The OpenAI adapter is now Responses based.

  • src/providers/openai.ts
    • complete() posts to /v1/responses
    • stream() posts to /v1/responses
    • request translation is built around instructions plus input
    • response parsing is built around typed output items
    • streaming parsing is built around Responses events such as response.output_text.delta and response.completed
  • src/client.ts
    • routes OpenAI requests through OpenAIAdapter without exposing transport details
  • src/conversation.ts
    • already owns multi-turn state, tool loops, persistence, totals, and replay
  • src/session-api.ts
    • already provides the HTTP-facing session layer
  • src/utils/parse-sse.ts
    • is generic enough to keep using because it reads data: payloads and ignores other SSE lines

This architecture is favorable for migration.
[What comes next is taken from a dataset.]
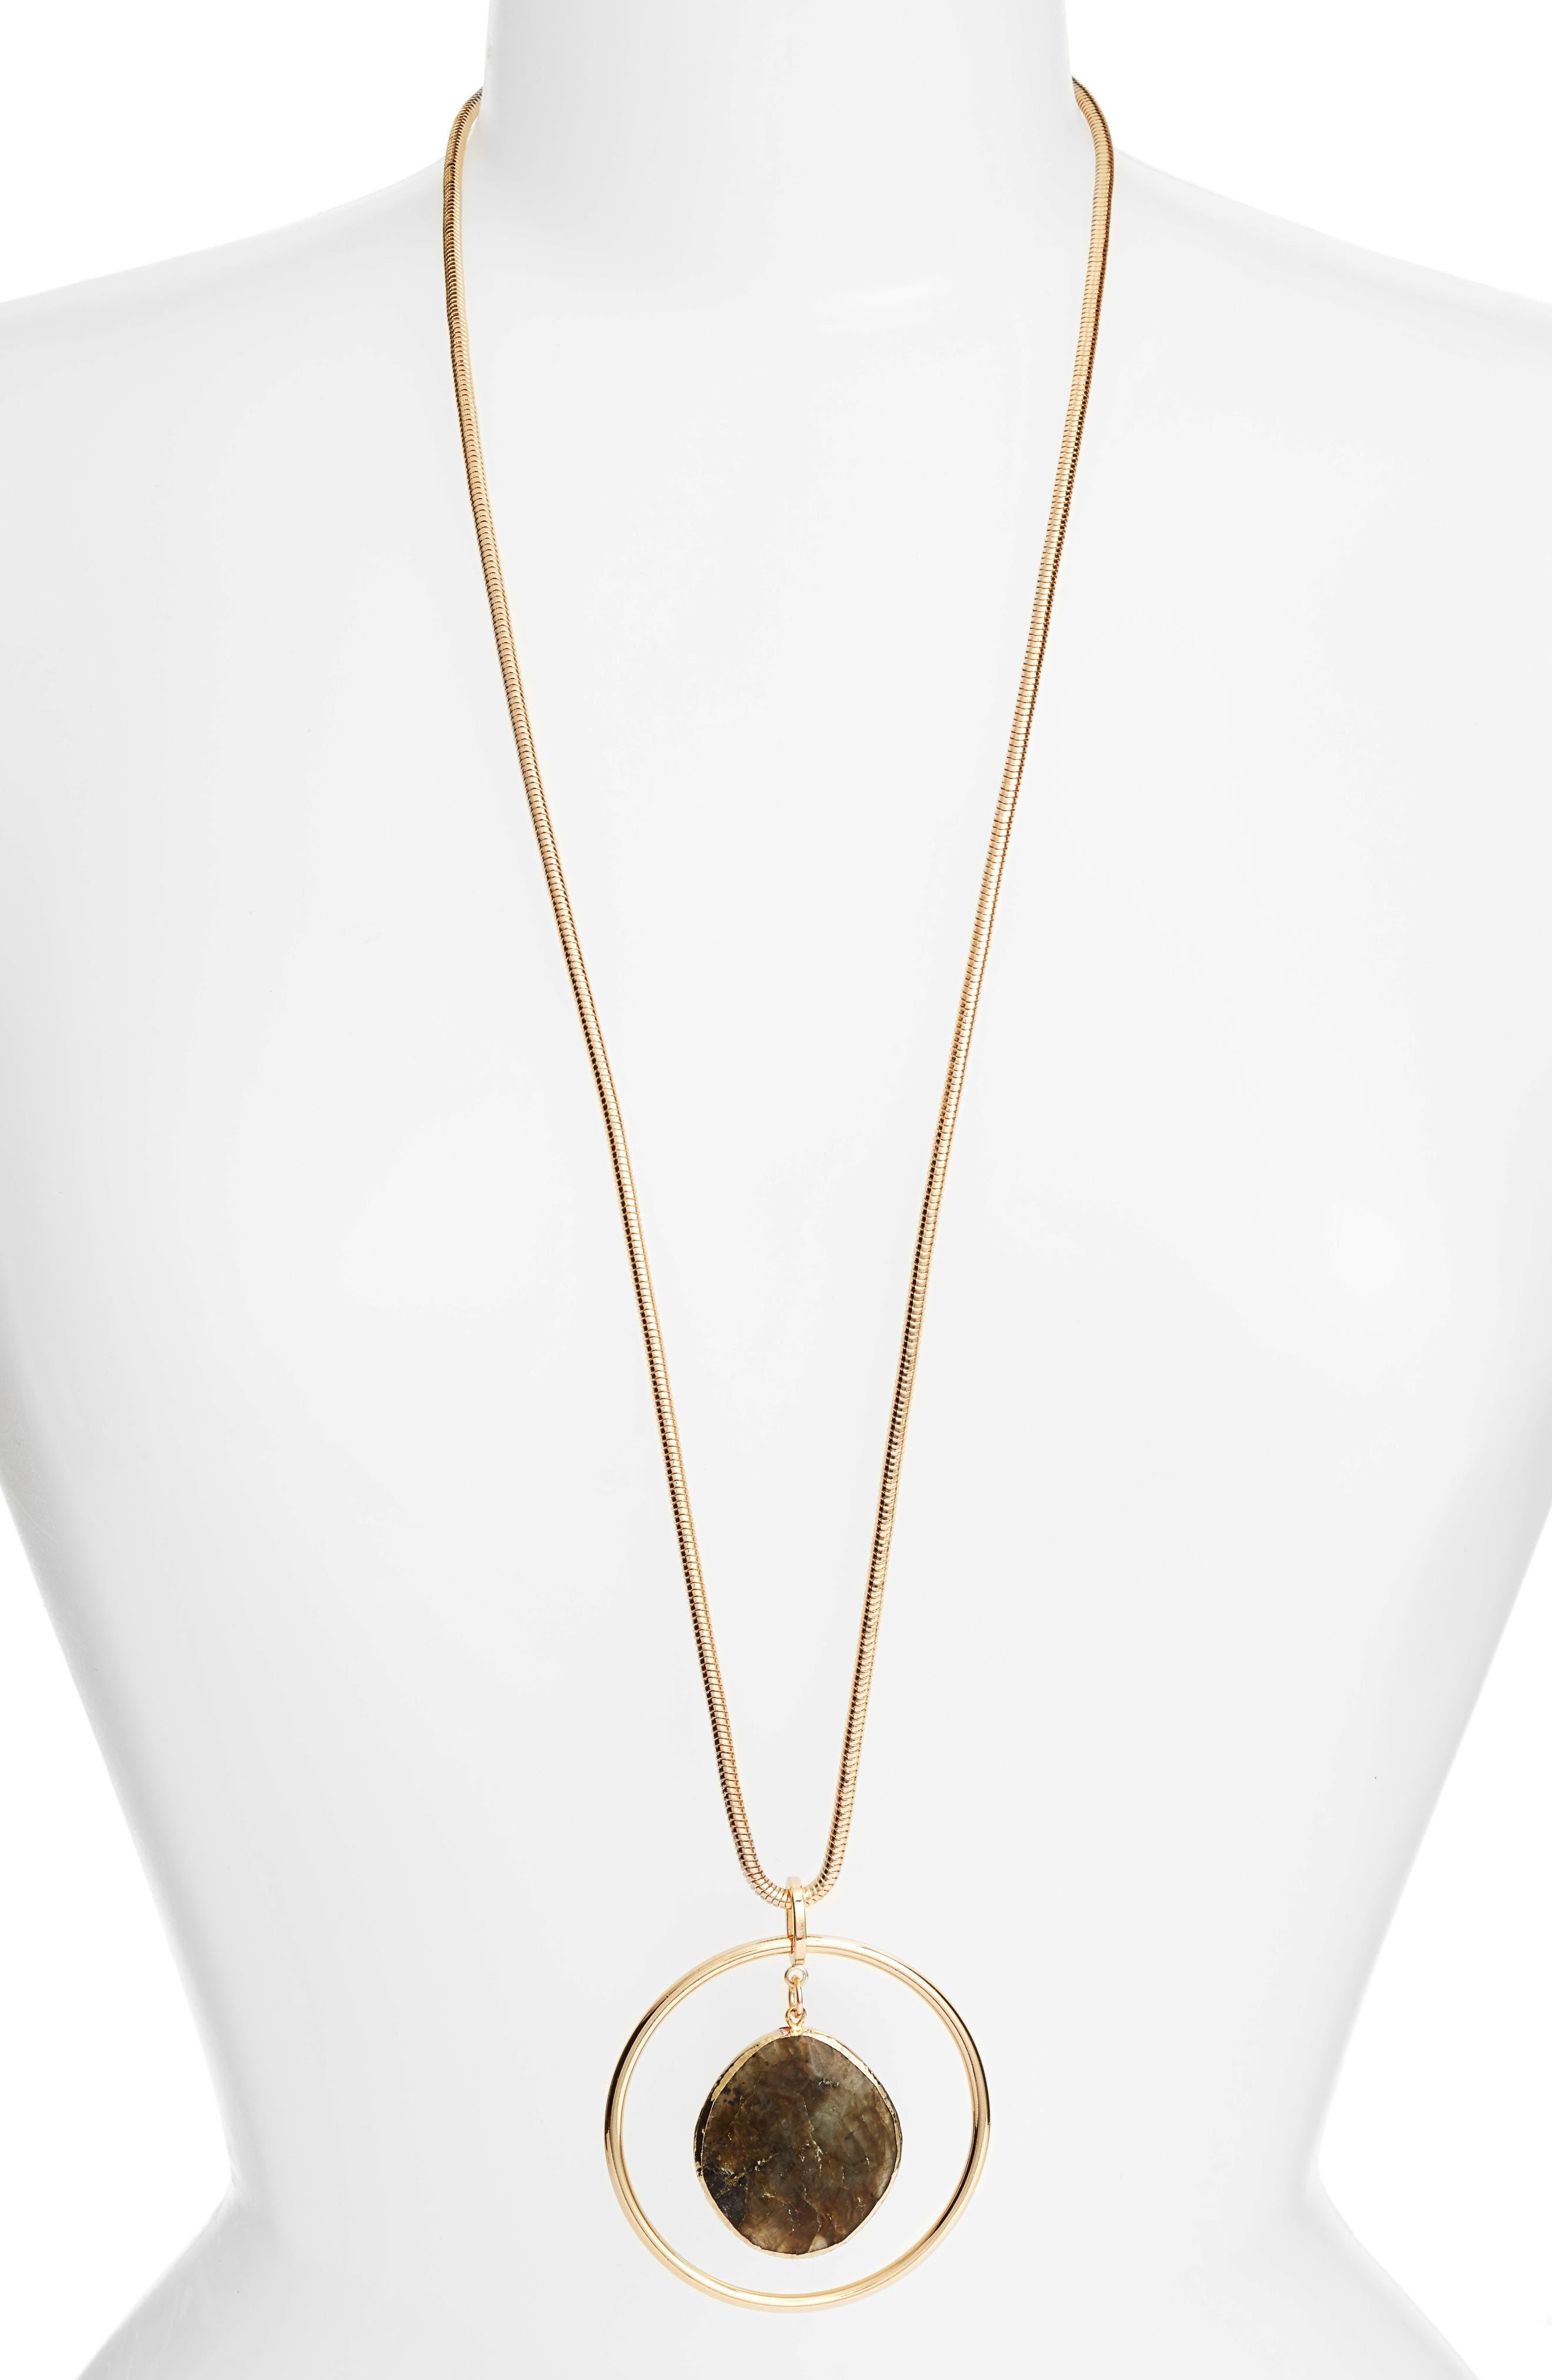 Nordstrom Pendant Necklace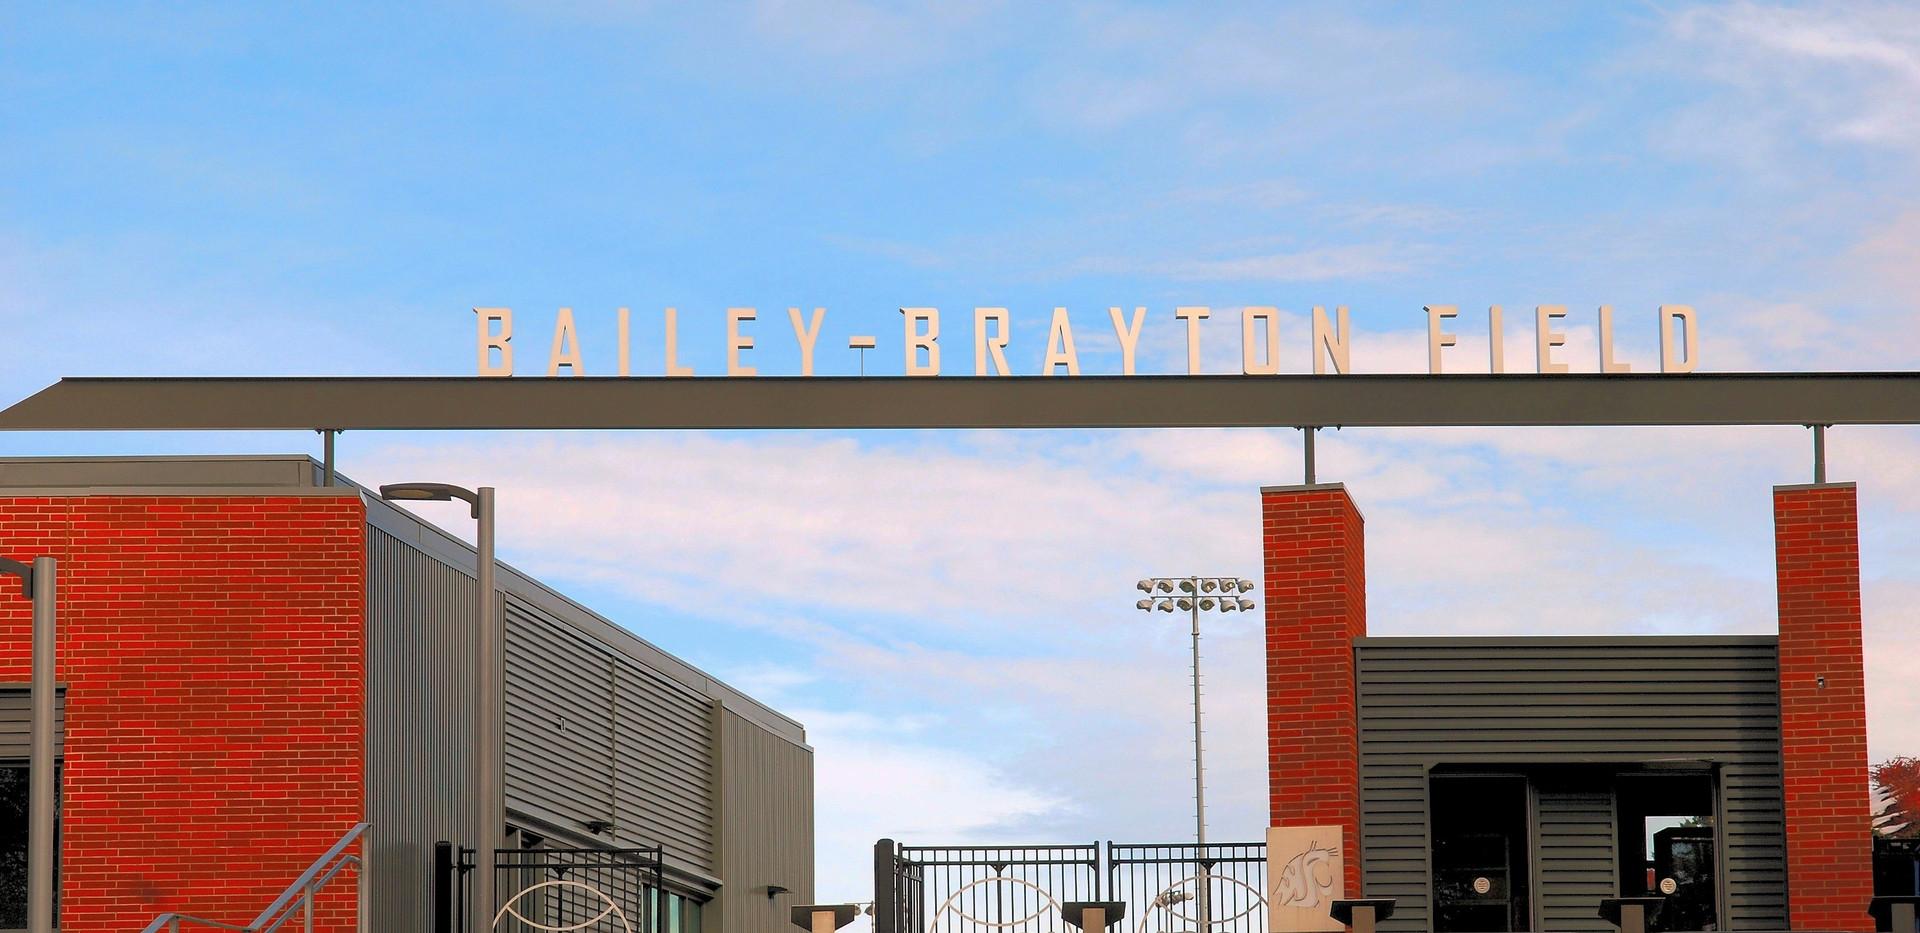 Bailey-Brayton Field

Most of the change is isolated to the OpenAI adapter and its tests.

What the OpenAI Docs Confirm

The official OpenAI docs currently say:

  • The Responses API is the recommended API for new projects.
  • Simple message inputs are compatible between Chat Completions and Responses if you change messages to input.
  • Responses supports instructions as a top-level system-style field.
  • Responses returns output items rather than choices[].message.
  • Responses uses typed items such as message, function_call, and function_call_output.
  • Responses streaming emits typed lifecycle events such as response.output_text.delta and response.completed.
  • OpenAI supports automatic conversation state in Responses via conversation or previous_response_id, but it also documents manual-history mode where you pass full input and set store: false.
  • Function definitions differ in Responses:
    • the nested function wrapper is removed
    • functions are strict by default
  • OpenAI documents additional tool-choice shapes in Responses, including allowed_tools.

The docs also note benefits that matter here:

  • better support for reasoning models
  • built-in tools such as web search, file search, computer use, code interpreter, and MCP
  • improved cache utilization
  • access to Responses-only model experiences

Do not use OpenAI conversation or previous_response_id in this library.

Use this policy instead:

  • always send full translated history from the canonical conversation state
  • always set store: false
  • never send previous_response_id
  • never send conversation

Why this is the right fit here:

  • Conversation already owns the source transcript
  • SessionApi already exposes a provider-agnostic session boundary
  • the docs explicitly show manual-history Responses usage with input=history and store: false
  • keeping one state owner avoids subtle drift between library history and provider history

This is the most important transition decision.

Public API Impact

The public library surface can remain stable.

No breaking change is required for:

  • LLMClient.complete()
  • LLMClient.stream()
  • Conversation
  • SessionApi
  • canonical message and tool types

The migration should be internal to the OpenAI adapter first.

Request Translation Mapping

Base request

Current OpenAI adapter shape:

  • model
  • messages
  • max_completion_tokens
  • temperature
  • tools
  • tool_choice
  • parallel_tool_calls

Recommended Responses shape:

  • model
  • instructions
  • input
  • max_output_tokens
  • temperature
  • tools
  • tool_choice
  • store: false

System prompt handling

The migration guide says simple message arrays can be passed directly as input, including system messages, but Responses also supports cleaner top-level instructions.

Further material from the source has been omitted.